The list runs 40 to 50 labels and leans hard on familiar, approachable names across Italy, France, Spain, and domestic U.S. — think La Vieille Ferme rosé and Santa Julia Malbec, not obscure grower Champagnes. There's no deep cellar here, no old-world rarities hiding in the back, and the labels rotate often enough that you can't always count on a specific bottle being there. What you can count on is everything being drinkable, priced fairly, and uncomplicated — which near ASU at noon or 7pm on a Tuesday is often exactly what the moment calls for. The Dow's Tawny Port by the glass is a legitimately nice touch that breaks up the monotony of the usual suspects.
About twenty pours span red, white, rosé, and sparkling — an unusually generous by-the-glass program for a spot at this price point.

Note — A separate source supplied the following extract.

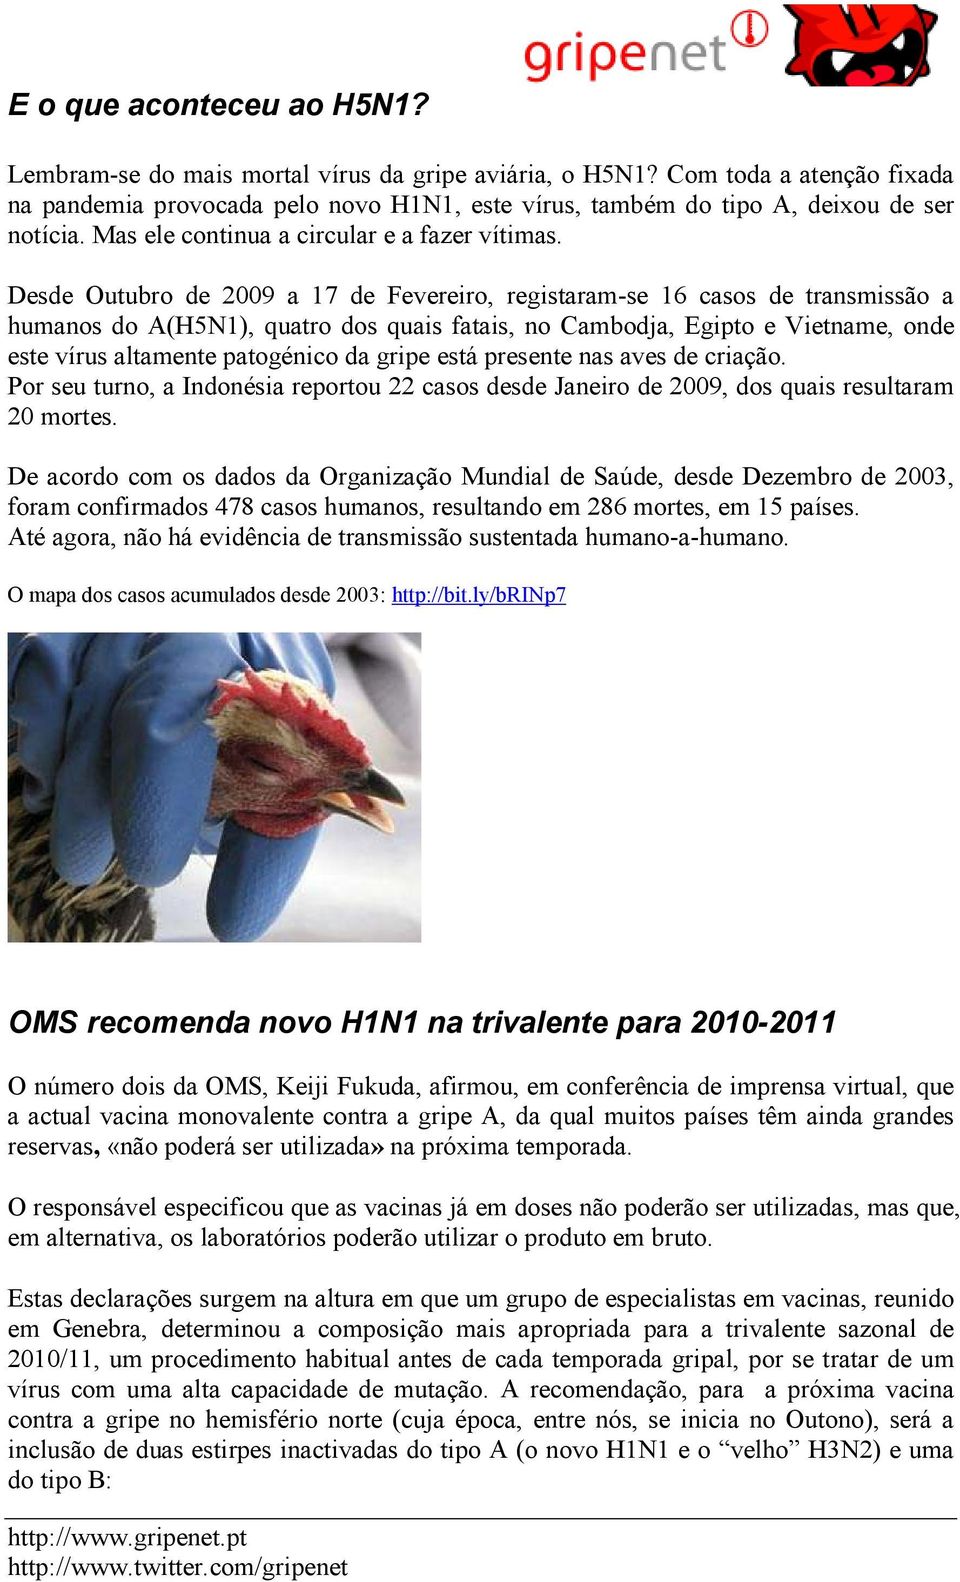 Desde Outubro de 2009 a 17 de Fevereiro, registaram-se 16 casos de transmissão a humanos do A(H5N1), quatro dos quais fatais, no Cambodja, Egipto e Vietname, onde este vírus altamente patogénico da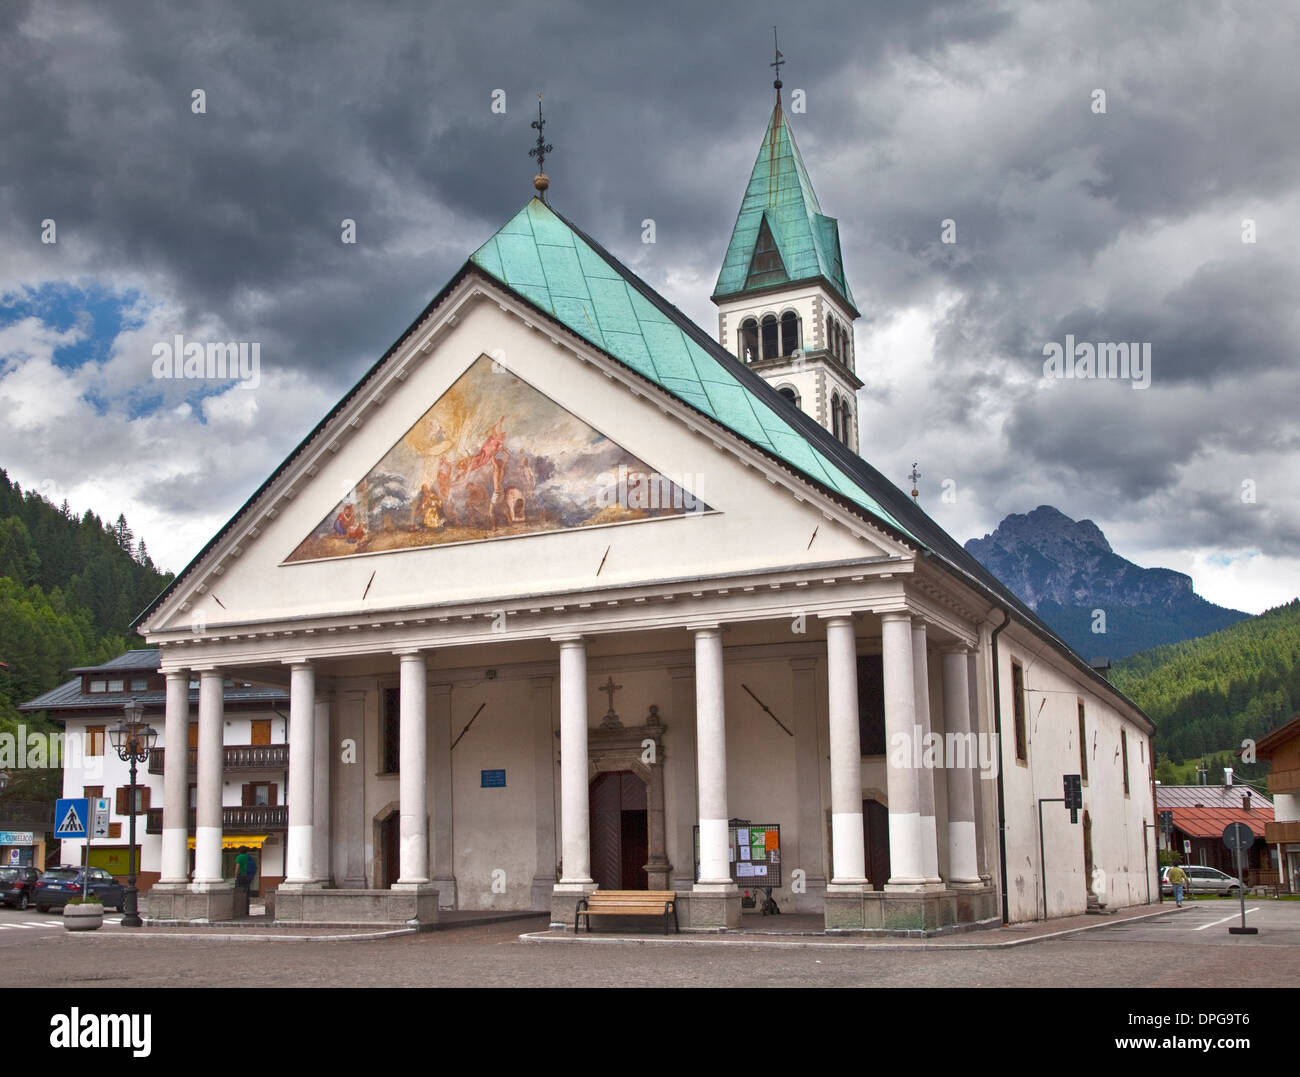 Comune di Santa Stefano, Dolomites, Italy Stock Photo

The $9 floor is real and not a bait-and-switch; most of the interesting stuff lives right there. Rotation keeps things from going totally stale, though don't show up expecting the same list you saw last month.
La Vieille Ferme Rosé — $9/glass
This Côtes du Ventoux rosé retails for $9 a bottle — and Postino is pouring it by the glass at the same price. That's essentially getting the bottle's worth for one pour without the markup math working against you. It's a well-made, food-friendly Provençal-style rosé from the Perrin family, and at this price it's a no-brainer.
Dow's Tawny Port
Most people at Postino are here for the bruschetta-and-rosé combo, so the Dow's Tawny Port by the glass gets overlooked almost entirely. That's a mistake. A pour of properly made Tawny alongside a cheese and charcuterie board is a genuinely satisfying finish to a light meal, and Dow's is a reliable producer that punches above its price class. Nobody at the table next to you is ordering it, which means you should.
House Red Blend (Postino Private Label)
The house red exists to fill a slot on the menu, and it succeeds at that specific goal. But with Santa Julia Malbec and Bogle Petite Sirah both available at $9 or $10 with actual identifiable producers behind them, there's no reason to default to the private-label mystery blend. Spend one dollar more and know what you're drinking.
Bogle Petite Sirah + Bruschetta with roasted red pepper and salami
Bogle's Petite Sirah is inky, a little grippy, and built for something with weight and fat to push back against it. The salami bruschetta hits those marks — cured meat richness, a little acid from the pepper, olive oil rounding it out. Ten dollars a glass for a pairing that actually makes sense is the whole point of being here.
Monday and Tuesday — $25 for a select bottle plus a bruschetta board — effectively a 30 to 40 percent discount on the bottle versus regular list price. It's a national Postino promo but it's a legitimate deal. Show up early; it gets crowded fast.
🎲 The Bottom Line
Postino Annex isn't where you go to drink seriously — it's where you go to drink smartly, and there's a difference. With Monday-Tuesday bottle deals, markups that border on generous, and a by-the-glass list that earns its breadth, this is the rare casual spot where the wine program actually respects your wallet.